Забыто устрашающее имя Ашшурбанапала. Передняя Азия смиренно склоняется перед новым владыкой – Навуходоносором. 42 года занимал престол этот «прославленный..., могучий царь, солнце Вавилона..., вынудивший к послушанию четыре страны света» [12]. Таков титул, унаследованный им от его знаменитого предшественника – Хаммурапи, так же, как и он, уверенного в незыблемости и вечности своего величия. Навуходоносор покоряет Сирию, Финикию, Палестину, его войска подходят к границам Египта, а сборщики налогов пробираются в самые отдаленные уголки Малой Азии, где когда-то жили непобедимые хетты, о которых уже никто не помнит. Вавилон – «врата бога» – украшается пышными храмами и дворцами и становится крупнейшим городом всего тогдашнего мира, «царем царей», «золотой головой», как назвал его библейский пророк Даниил (если же, в соответствии со средневековыми представлениями, определять город как «поселение, обнесенное стеной», то, очевидно, Вавилон следует признать вообще самым большим городом, когда-либо существовавшим на нашей планете).

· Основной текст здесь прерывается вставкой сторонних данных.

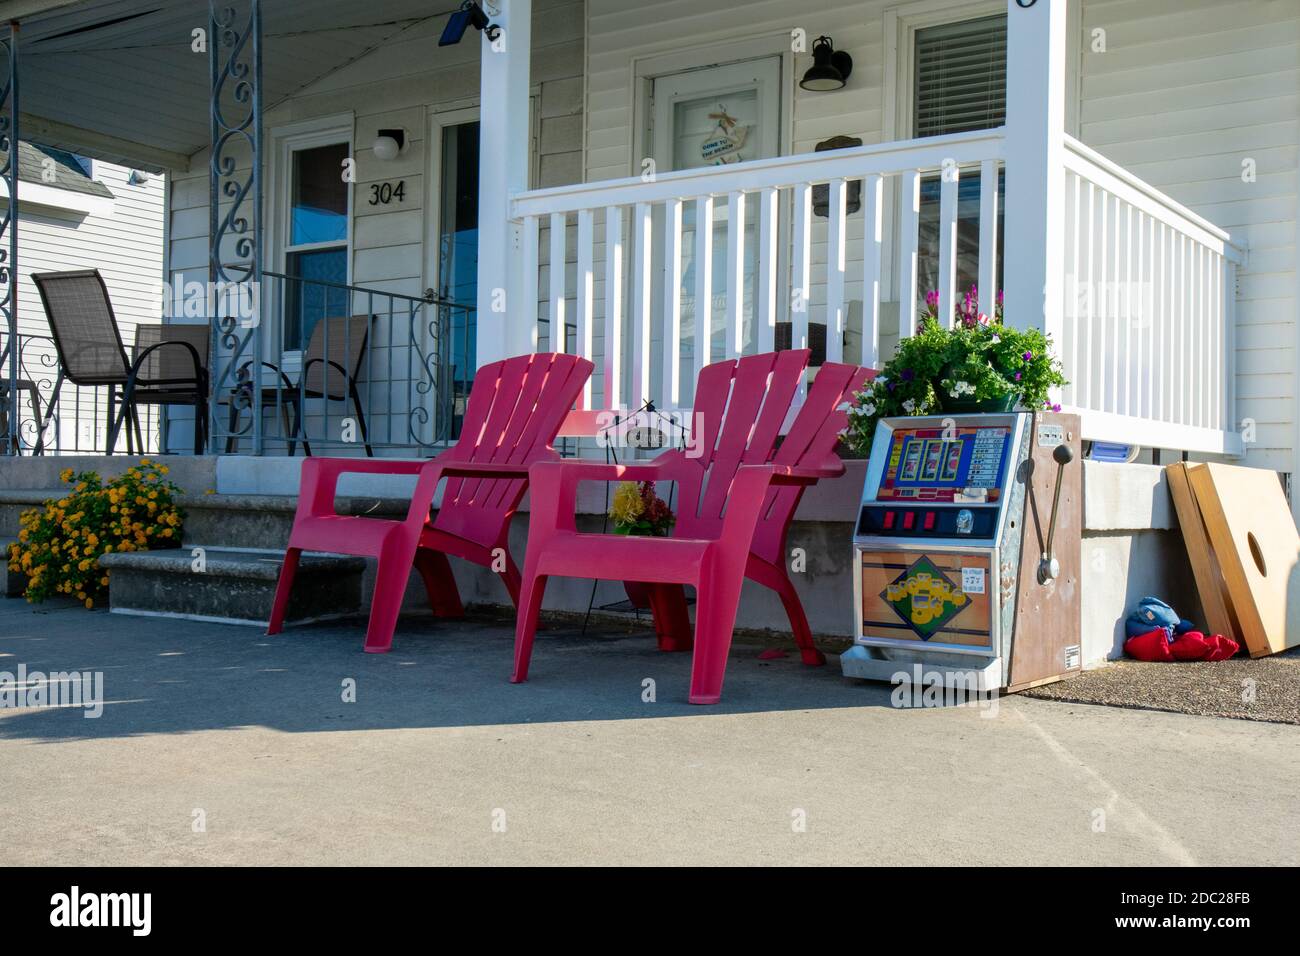 The Front of a Beach House With Two Red Lawn Chairs and a Slot Machine Next to Them Stock Photo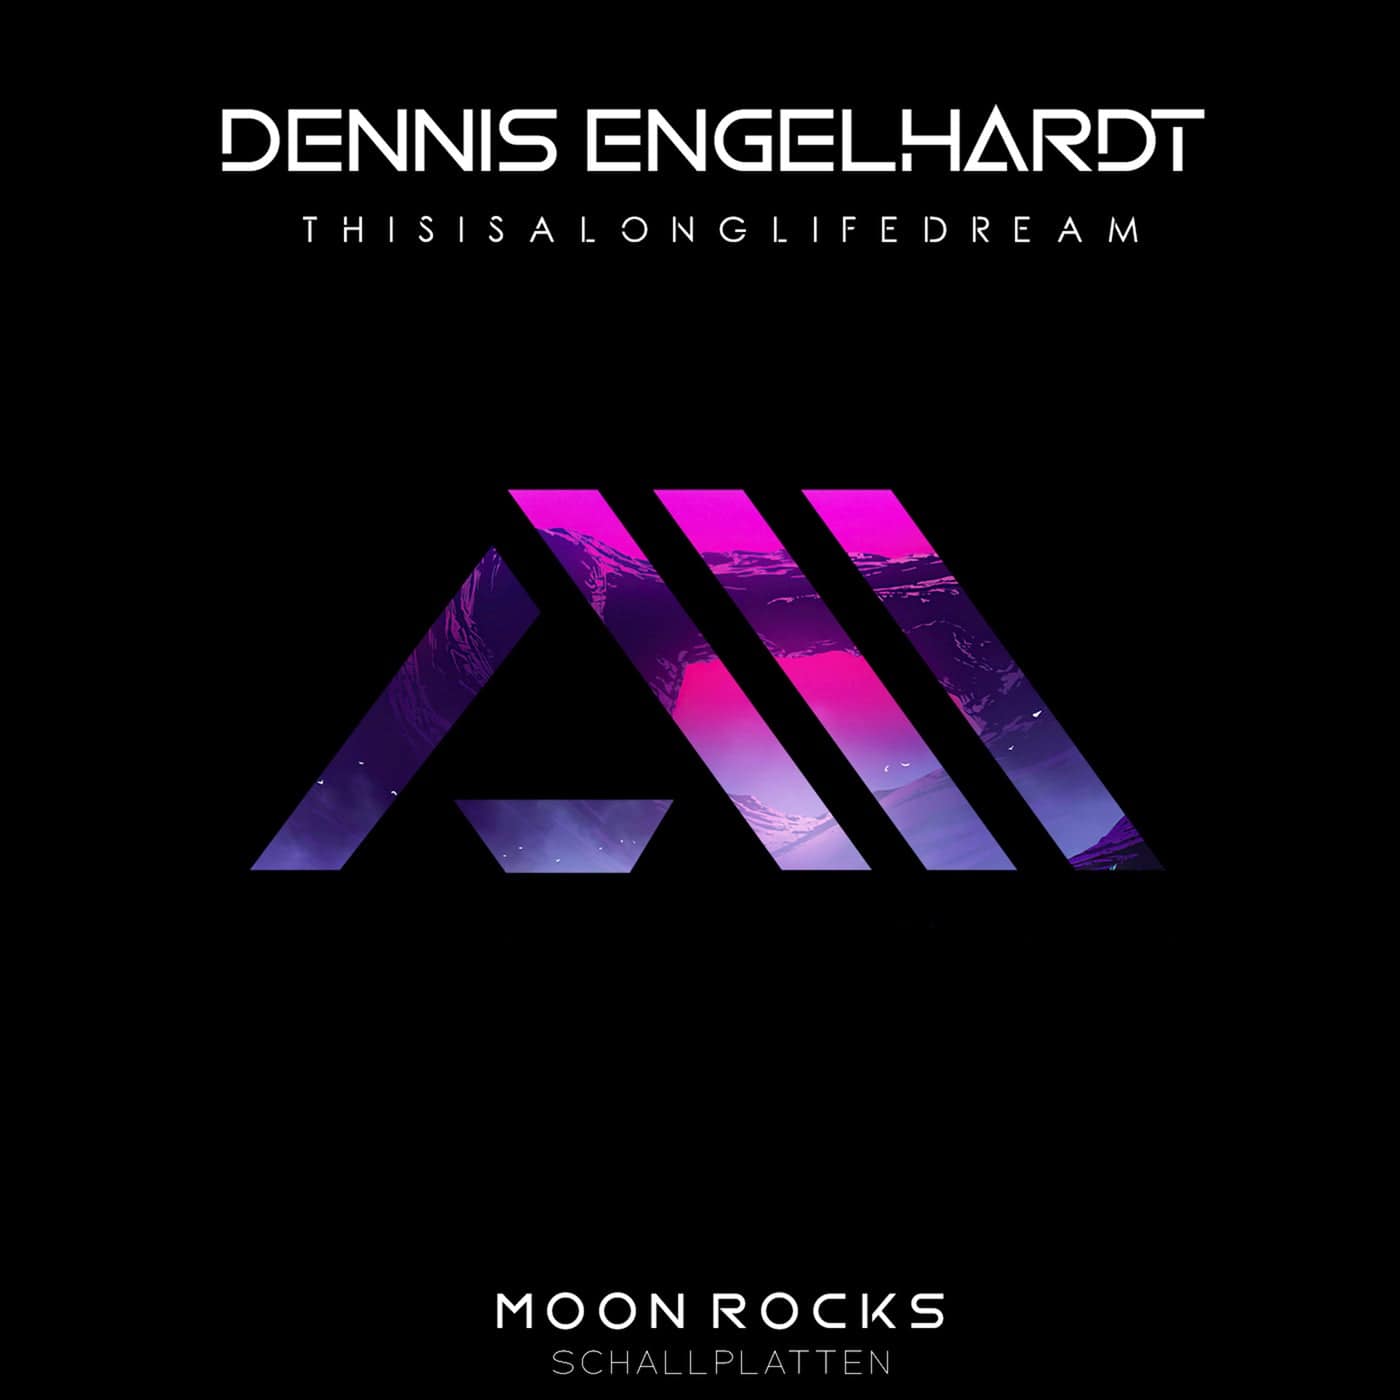 Download Dennis Engelhardt - This Is a Lifelong Dream on Electrobuzz

Вавилон вызывал восхищение и зависть. Царь знал цену тому и другому: «Я – Навуходоносор, Царь Вавилона, сын Набопаласара. Я окружил Вавилон с востока мощной стеной, вырыл ров и скрепил его склоны с помощью асфальта и обожженного кирпича. У основания рва я воздвиг высокую и крепкую стену. Я сделал широкие ворота из кедрового дерева и оббил их медными пластинками. Для того, чтобы враги, замыслившие недоброе, не могли проникнуть в пределы Вавилона с флангов, я окружил его мощными, как морские валы, водами. Преодолеть их было так же трудно, как настоящее море. Я тщательно укрепил бастионы и превратил город Вавилон в крепость» [12].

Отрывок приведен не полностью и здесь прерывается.